Fewer collateral ventilation pathways	Unable to bypass obstructed airways
Highly compliant chest wall	Retractions rather than effective ventilation
Horizontal ribs	Less efficient respiratory mechanics
Diaphragm-dependent breathing	Easily fatigued
Obligate nasal breathing	Nasal congestion directly impairs breathing
Immature central respiratory control	Apnoea risk, especially in young/preterm infants
Immature immune response	Prolonged viral shedding, greater inflammation

Clinical Pearl: Poiseuille's Law Applied: Airway resistance is inversely proportional to the fourth power of the radius. A 1mm reduction in a 4mm infant bronchiole increases resistance 16-fold, whereas the same reduction in an 8mm adult airway increases resistance only 2-fold.

Disease Course

Phase	Timing	Clinical Features
Prodrome	Days 1-3	Rhinorrhoea, congestion, low-grade fever, decreased appetite
Progression	Days 3-5	Cough, tachypnoea, increased work of breathing, wheeze
Peak severity	Days 4-7	Maximal respiratory distress, feeding difficulty, hypoxia
Plateau	Days 5-8	Stable or slowly improving
Resolution	Days 7-14	Gradual improvement in respiratory symptoms
Convalescence	Weeks 2-4	Residual cough, full recovery

Clinical Presentation

Symptoms

Prodromal Phase (1-3 days):

Rhinorrhoea (clear initially, may become mucopurulent)
Nasal congestion
Sneezing
Low-grade fever (38-39°C; > 39°C consider bacterial co-infection)
Decreased appetite
Mild cough

Progressive Phase:

Worsening cough (typically wet)
Increased respiratory rate
Noisy breathing (wheeze audible to parents)
Increased work of breathing
Feeding difficulty (cannot coordinate suck-swallow-breathe)
Decreased urine output
Irritability or lethargy

Examination Findings

Vital Signs

Parameter	Mild	Moderate	Severe
Respiratory rate	Normal or mildly elevated	50-70/min	> 70/min
Heart rate	Normal or mildly elevated	Elevated	Significantly elevated
SpO2 (room air)	≥95%	90-94%	less than 90%
Temperature	Normal or low-grade fever	Variable	Variable

Age-Appropriate Respiratory Rate Thresholds:

Age	Normal	Tachypnoea
less than 2 months	30-50/min	> 60/min
2-12 months	25-40/min	> 50/min
1-5 years	20-30/min	> 40/min

Work of Breathing Assessment

Sign	Description	Severity Indicator
Nasal flaring	Dilatation of nares with inspiration	Increased respiratory effort
Head bobbing	Head extension with inspiration	Accessory muscle use
Tracheal tug	Visible tracheal descent	Significant distress
Subcostal recession	Inward movement below costal margin	Moderate-severe
Intercostal recession	Inward movement between ribs	Moderate-severe
Suprasternal recession	Inward movement above sternum	Severe
Grunting	Audible expiratory noise	Severe - attempting auto-PEEP
See-saw breathing	Paradoxical abdominal/chest movement	Impending exhaustion
Cyanosis	Central (tongue, lips)	Severe hypoxemia

Clinical Pearl: Grunting is a Red Flag: Expiratory grunting represents the infant's attempt to maintain positive end-expiratory pressure by partially closing the glottis.

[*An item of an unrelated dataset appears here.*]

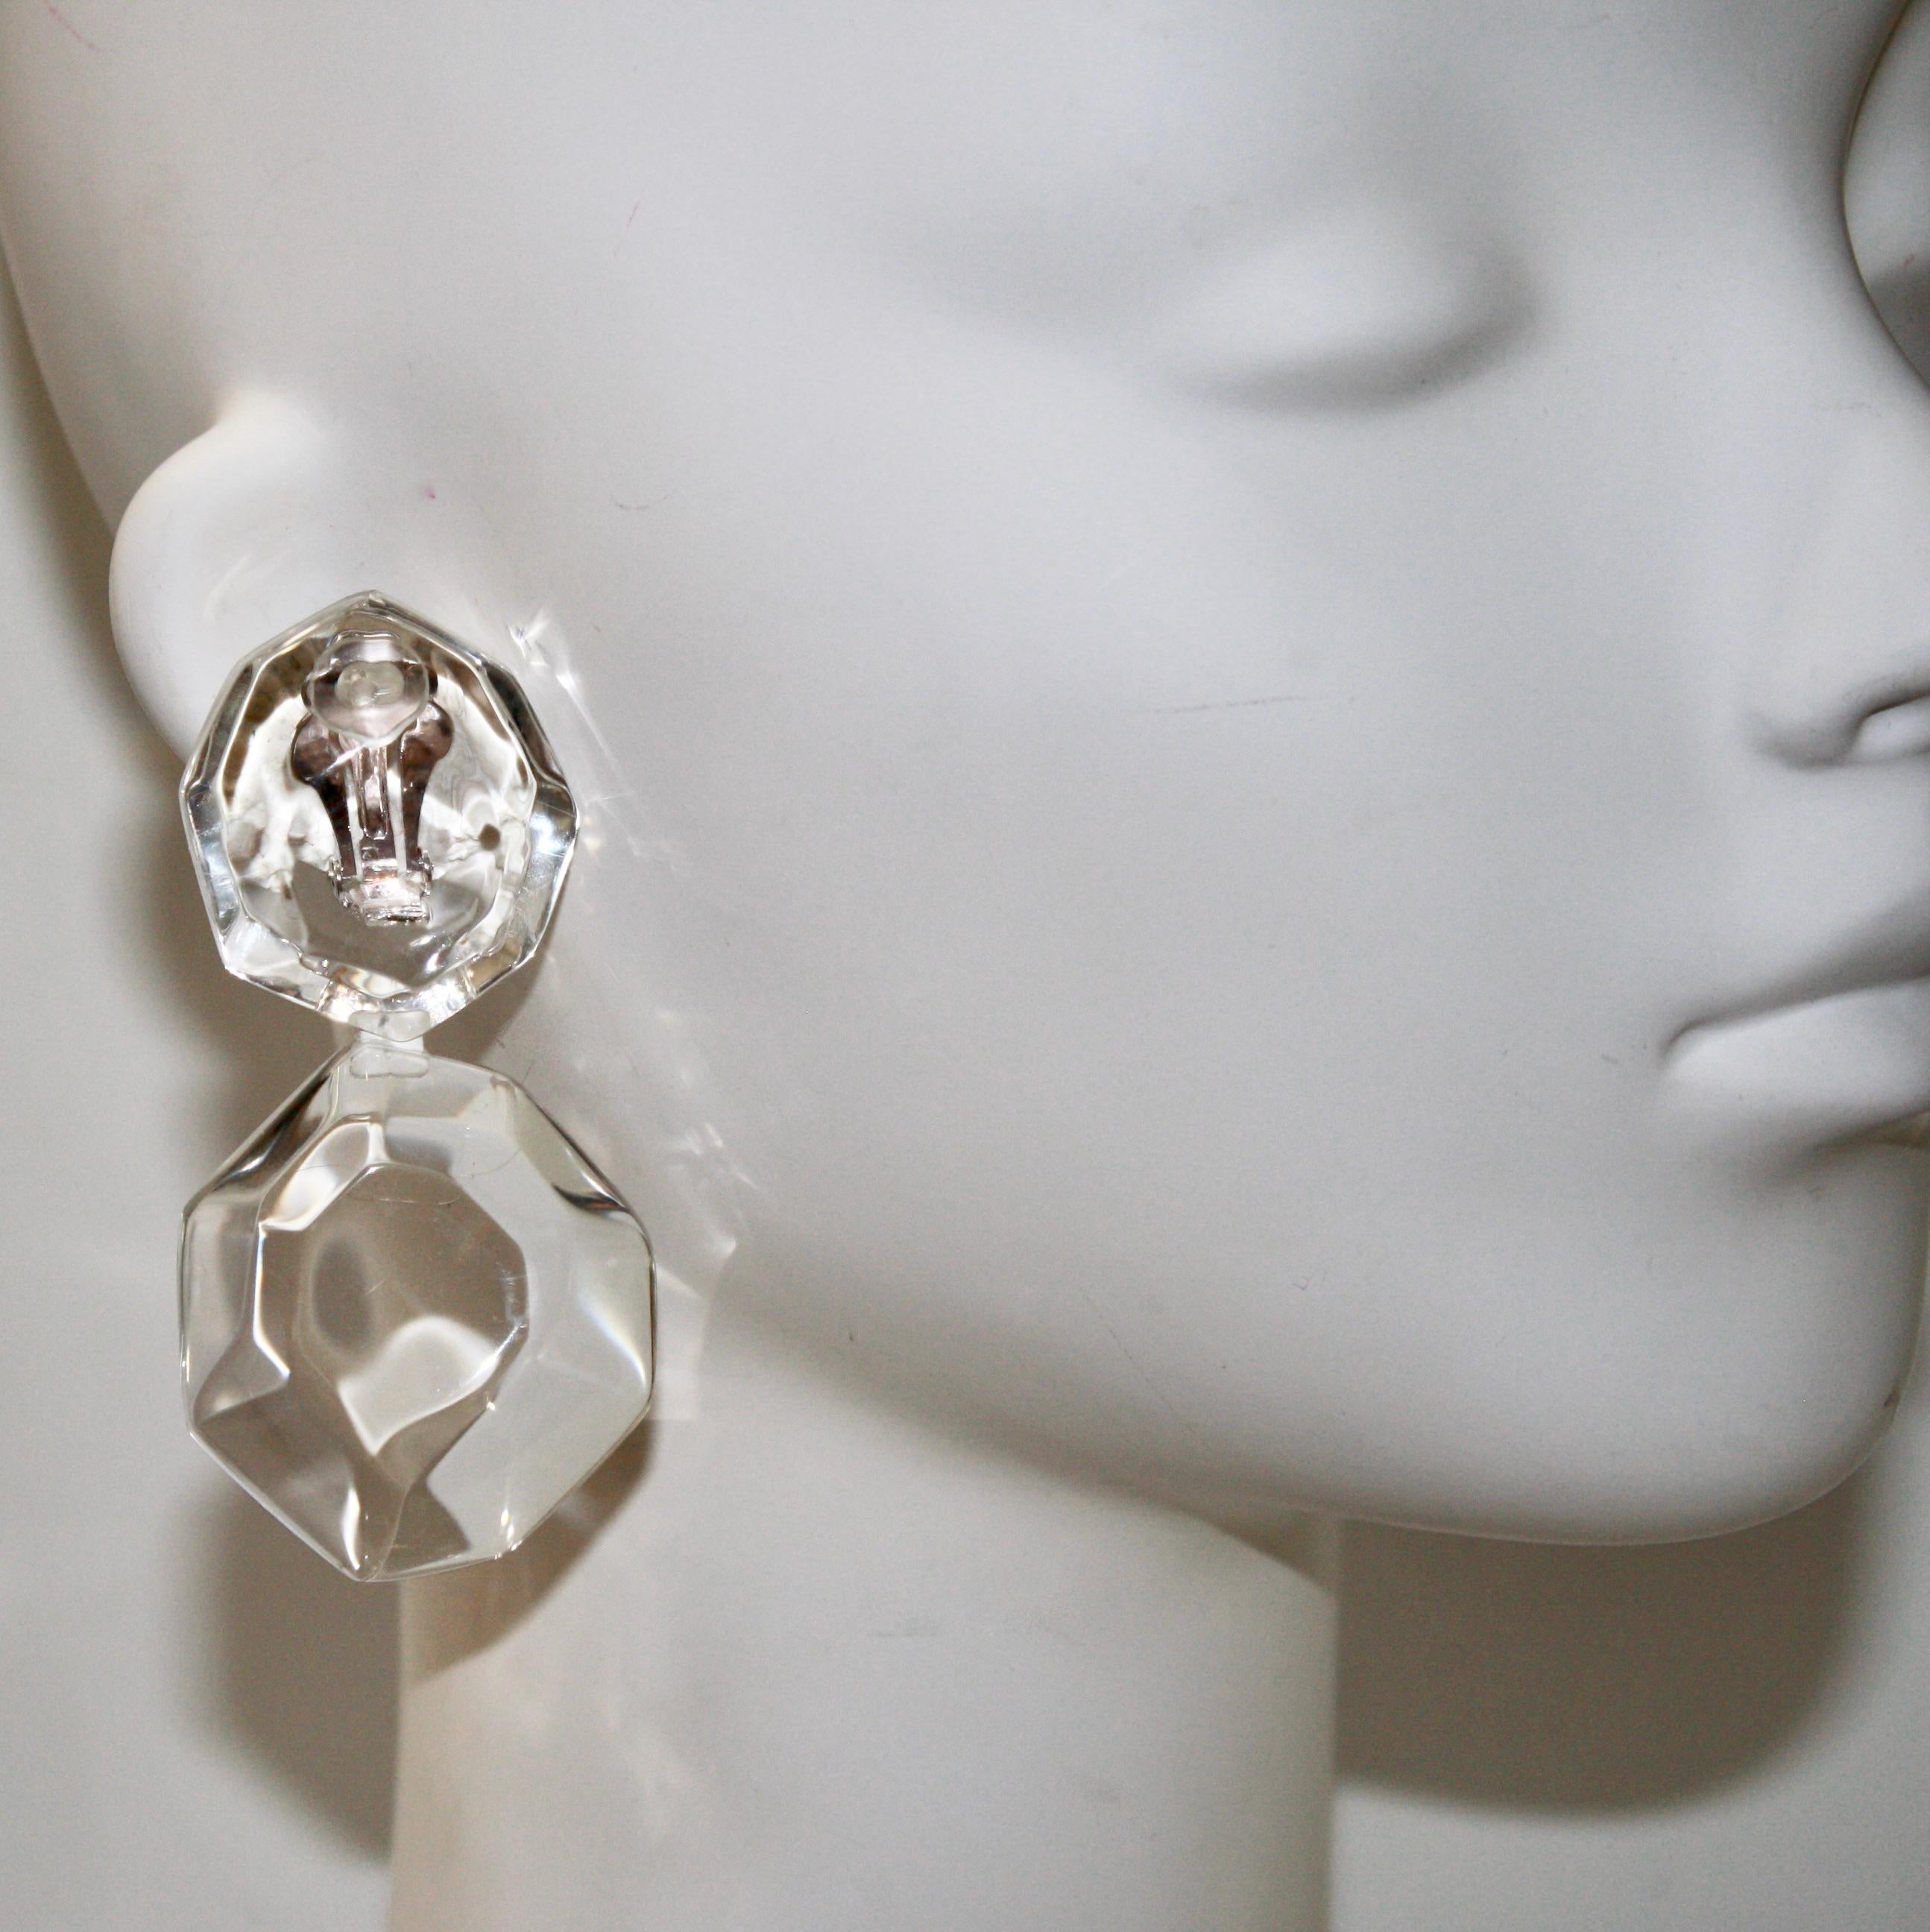 Clip earrings with oversized faceted acrylic elements. Signature on clasp.

It indicates significant alveolar disease and is a sign of severe illness requiring urgent intervention.

Auscultatory Findings

Finding	Characteristic	Significance
Wheeze	High-pitched, predominantly expiratory	Bronchiolar obstruction
Crackles	Fine inspiratory crackles	Airway secretions, opening of collapsed airways
Prolonged expiration	Expiratory:inspiratory ratio > 1:1	Air trapping
Decreased air entry	Quiet breath sounds	Severe obstruction or exhaustion
Transmitted upper airway sounds	Coarse sounds	Nasal congestion (may improve with suctioning)

General Examination

Assessment	Findings to Note
Hydration status	Fontanelle (sunken), mucous membranes (dry), skin turgor, capillary refill, urine output
Nutritional status	Recent feeding volumes, weight (compare to baseline)
Level of alertness	Irritability (early), lethargy (late - concerning)
Skin colour	Pallor, mottling, cyanosis
Tone	Hypotonia may indicate fatigue or impending decompensation

Severity Assessment

Clinical Severity Scoring

While multiple scoring systems exist, clinical assessment integrating multiple parameters remains the gold standard. [13]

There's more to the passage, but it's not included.